Damage on the U.S. Capitol Dome (2013).

Rep. Adam Schiff (D-N.Y.) warned us a year ago in prosecuting the impeachment of President Donald J. Trump before the U.S. Senate:

No constitution can protect us if right doesn’t matter anymore. And you know you can’t trust this president to do what’s right for this country. You can trust he will do what’s right for Donald Trump. He’ll do it now. He’s done it before. He’ll do it for the next several months. He’ll do it in the election if he’s allowed to.

And Trump did. He continues to. His enablers in Congress, those who voted to allow him to remain in office, enable Trump even now, with few exceptions. Even after a recording from last weekend showed Trump attempting to coerce the chief elections official in Georgia to falsify election results counted thrice and certified.

Although Trump deserves it, with his term expiring on Jan. 20, Democrats have little time or appetitie for attempting to impeach Trump again, even to make a moral statement. But justice demands judgment against Trump and the criminal actions he has taken in violation of his oath of office. If he walks away unpunished except by loss of his office, others will emulate him. Count on it.

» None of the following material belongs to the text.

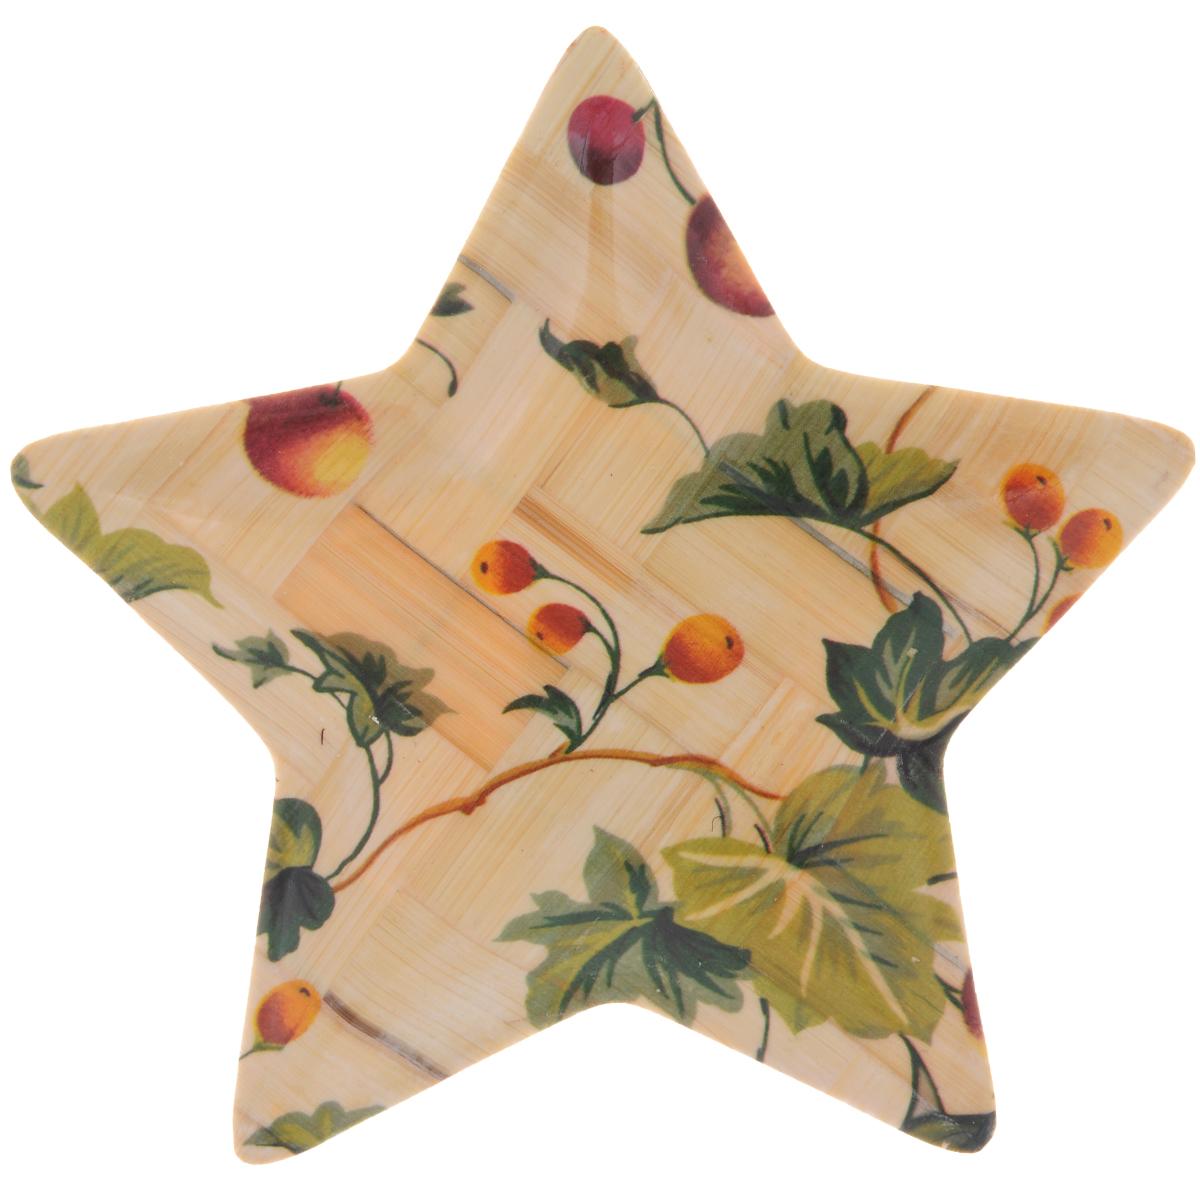 Тарелка Wanxie Звезда, цвет: бежевый, зеленый, 13,5 x 13,5 х 1 смWH-701S_бежевый, зеленыйТарелка Wanxie Звезда изготовлена из бамбука в виде звезды. Блюдо прекрасно подходит для того, чтобы подавать небольшие кусочки фруктов, ягоды и многое другое. Невероятно легкое, но в то же время крепкое и экологически чистое блюдо - незаменимый и очень полезный аксессуар на кухне, а благодаря нежной расцветке подойдет к любому интерьеру. Посуда из бамбука - интересное решение для создания эксклюзивных и стильных кухонных интерьеров. Бамбук экологичен и безопасен для здоровья, не боится влаги, устойчив к перепадам температуры. Несмотря на легкость и изящество, изделие прочно и долговечно. Посуда из бамбука проста в уходе и красива.Размер тарелки по верхнему краю: 13,5 х 13,5 см.

“If Trump’s Republican Party isn’t checked,” writes Michele Goldberg, “we could easily devolve into what political scientists call competitive authoritarianism, in which elections still take place but the system is skewed to entrench autocrats.” The U.S. is already well down that road.

The problem with holding Trump to account, Goldberg observes, is “the psychopath’s advantage.” Mens rea makes it tough to prosecute someone insane enough to believe the law does not apoply to him and dumb enough to believe misinformation circulated by “QAnon followers, 8kun posters, and a random Twitter guy.” Practical politics, Goldberg continues, make it doubly difficult to prosecute a president voters have already thrown out of office:

Yet if there is no penalty for Republican cheating, there will be more of it. The structure of our politics — the huge advantages wielded by small states and rural voters — means that Democrats need substantial majorities to wield national power, so they can’t simply ignore the wishes of the electorate. Not so for Republicans, which is why they feel free to openly scheme against the majority.

During impeachment, Republicans who were unwilling to defend the president’s conduct, but also unwilling to penalize him, insisted that if Americans didn’t like his behavior they could vote him out. Americans did, and now Trump’s party is refusing to accept it. It’s evidence that you can’t rely on elections to punish attempts to subvert elections. Only the law can do that, even if it’s inconvenient.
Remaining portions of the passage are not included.